I tried it two ways:
\tanh{ax}=\frac{e^{ax}-e^{-ax}}{e^{ax}+e^{-ax}}=x
This reduces to e^{2ax}=\frac{1+x}{1-x}
Then I can take the Taylor expansion...
e^{2ax}=1+2ax+\frac{(2ax)^2}{2!}+\frac{(2ax)^3}{3!}+\frac{(2ax)^4}{4!}+...=\frac{1+x}{1-x}
But as you can see, that doesn't really help.
Then I tried this:
\tanh{(ax)}=x
ax=\tanh^{-1}{(x)}
Differentiate both sides:
a=\frac{1}{1-x^2}
Solve for x:
x=\pm \sqrt{1-\frac{1}{a}}
Problem is, it doesn't work out in the calculator.

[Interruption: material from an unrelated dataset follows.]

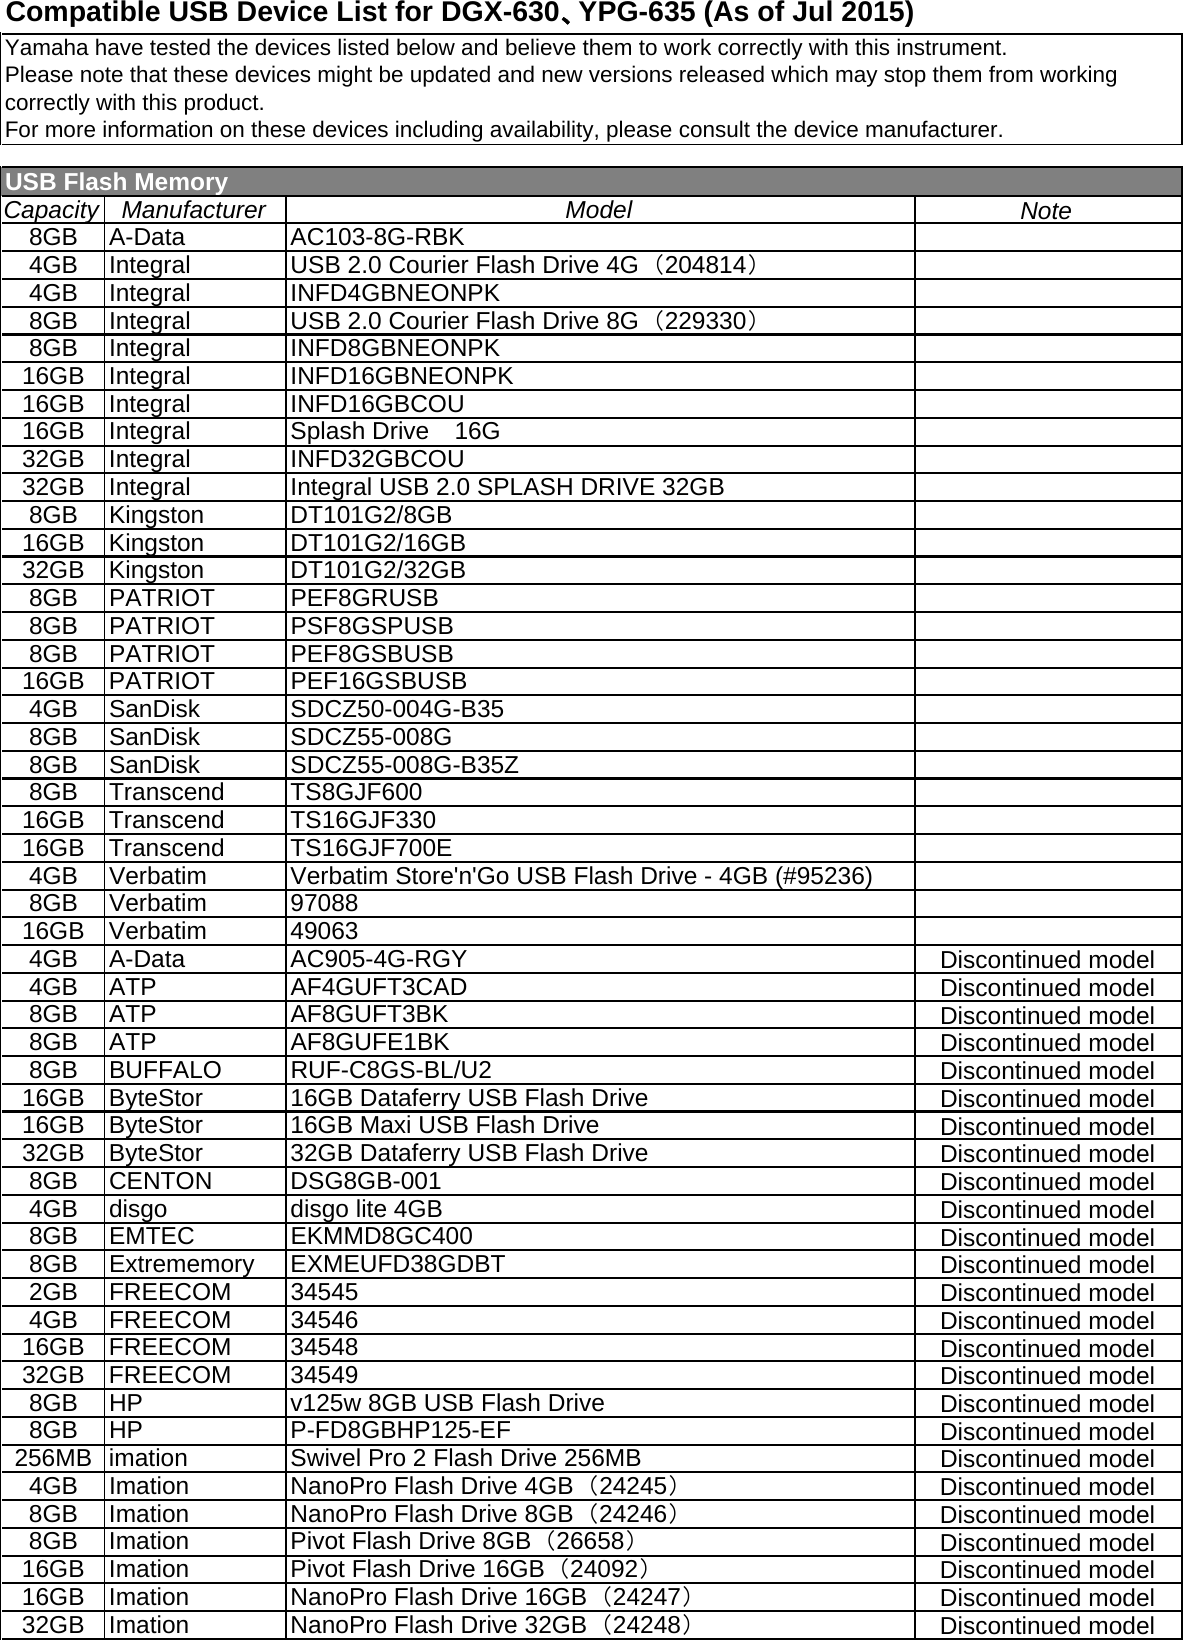 Page 1 of 3 - Yamaha DP_en_UsbDeviceList_201507_r2_byYamahax Compatible USB Device List For DGX-630, YPG-635 En-08DGX-H

Suppose I let a=2. That means x=\frac{1}{\sqrt{2}}
So the following should hold true:
\tanh{(\frac{2}{\sqrt{2}})}=\frac{1}{\sqrt{2}}
But it doesn't. The correct value is
\tanh{(\frac{2}{\sqrt{2}})}=0.88839
Is there an analytical solution to tanh(ax)=x ?
Thanks.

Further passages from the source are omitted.